We can make a dictionary that pairs each letter with its symmetric letter. This will make it very easy to test whether any given pair of letters is a symmetric pair. The function zip() makes pairs from two sequences; they need to be the same length, but since we are using a string and a reversed copy of the string, they will be the same length.
It's best to write a simple function that does one thing, so we write a function that does nothing but check if a string is symmetric. If you give it a zero-length string it returns False, otherwise it sets i1 to the first character in the string and i2 to the last. It compares characters as long as they continue to be symmetric, and increments i1 while decrementing i2. If the two meet or pass each other, we know we have seen the whole string and it must be symmetric, in which case we return True; if it ever finds any pair of characters that are not symmetric, it returns False. We have to do the check for whether i1 and i2 have met or passed at the top of the loop, so it won't try to check if a character is its own symmetric character. (A character can't be both 'a' and 'z' at the same time, so a character is never its own symmetric character!)
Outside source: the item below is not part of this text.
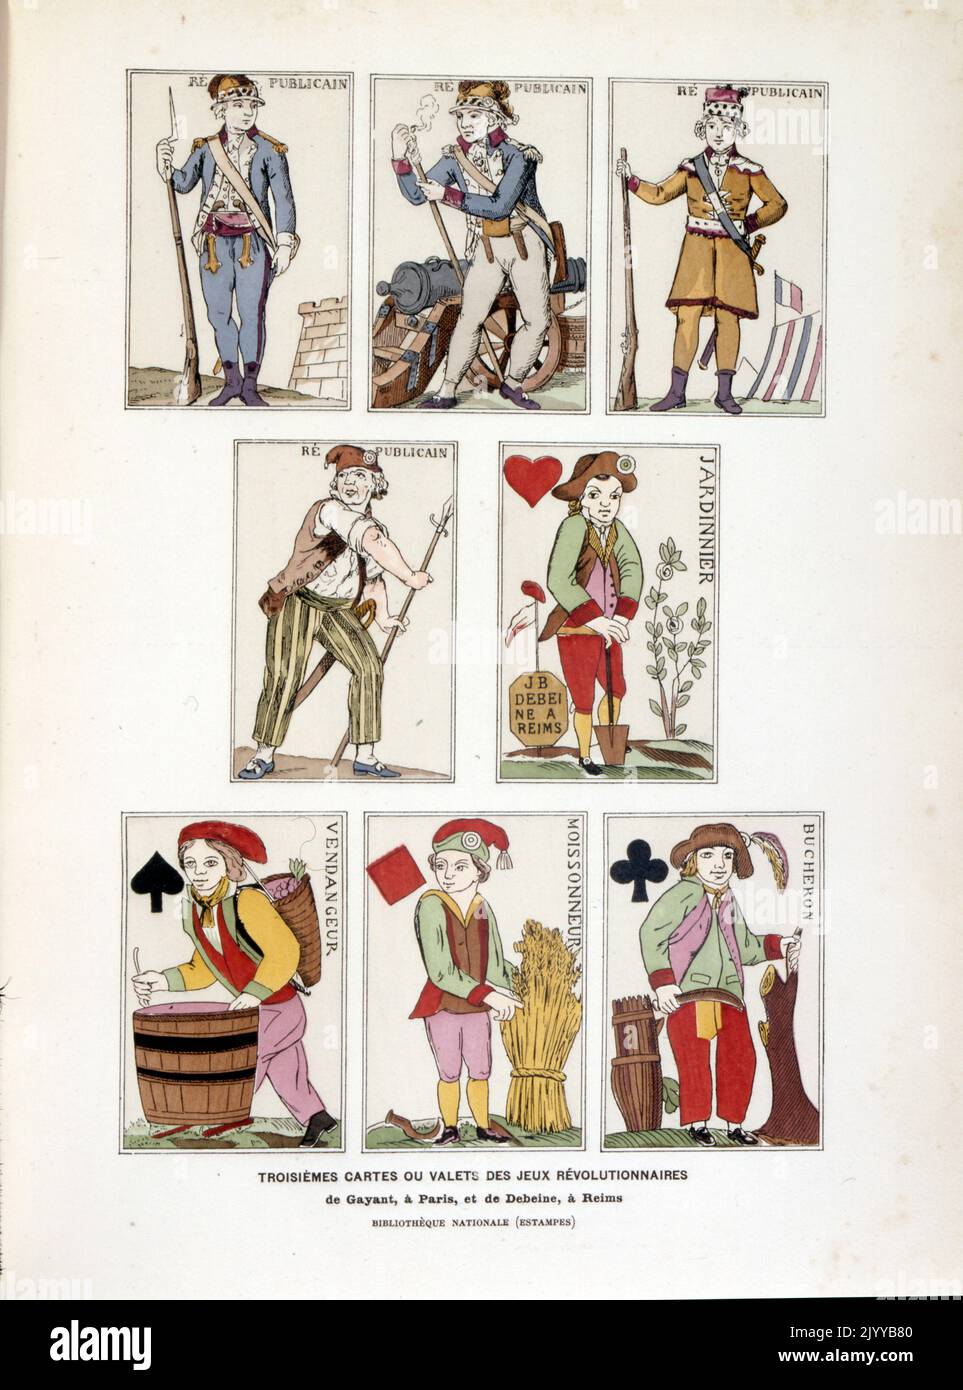 Coloured Illustration of third cards otherwise known as jacks of revolutionary games made by Gayent in Paris. Stock Photo
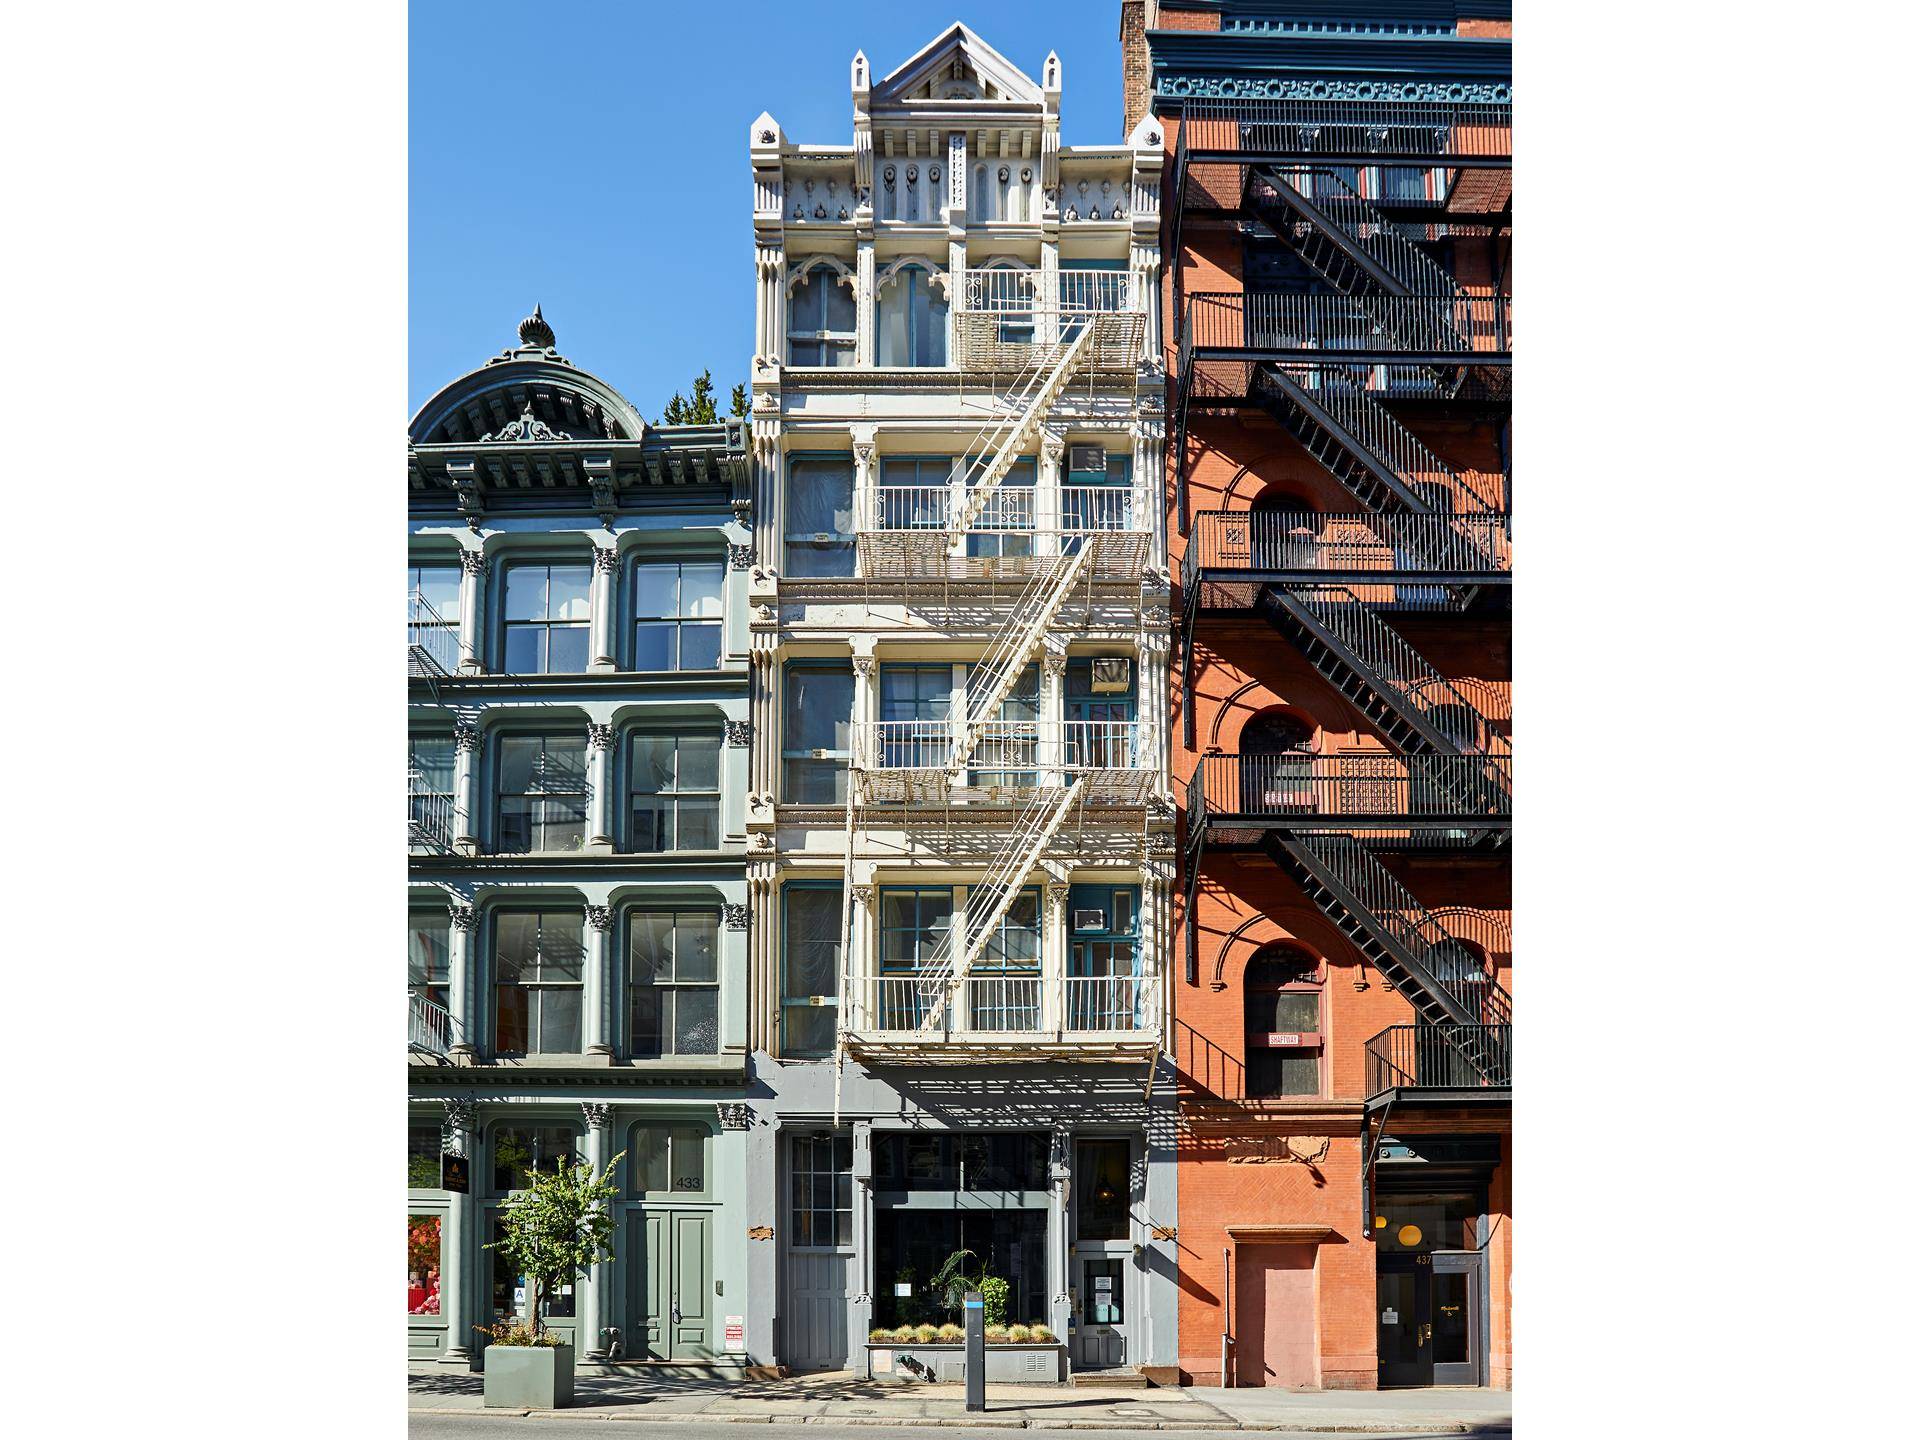 This SoHo historic Cast Iron building offers a variety of opportunities for repositioning retail, office, or residential mixed use.

Now we write a wrapper that filters out the junk, splits the string into words, and tests each word. Not only does it convert the chosen punctuation characters to spaces, but it also strips out any unexpected characters (anything not an approved punctuation char, a space, or a letter). That way we know nothing unexpected will get through to the inner function. The wrapper is "lazy"... it is a generator that yields up one word at a time, instead of building the whole list and returning that. It's easy to use list() to force the generator's results into a list. If you want, you can easily modify this function to just build a list and return it.
If you have any questions about this, just ask.
EDIT: The original version of the code didn't do the right thing with the punctuation characters; this version does. Also, as #heltonbiker suggested, why type the alphabet when Python has a copy of it you can use? So I made that change too.
EDIT: #heltonbiker's change introduced a dependency on Python version! I left it in with a suitable try:/except block to handle the problem. It appears that Python 3.x has improved the name of the lowercase ASCII alphabet to string.ascii_lowercase instead of plain string.lowercase.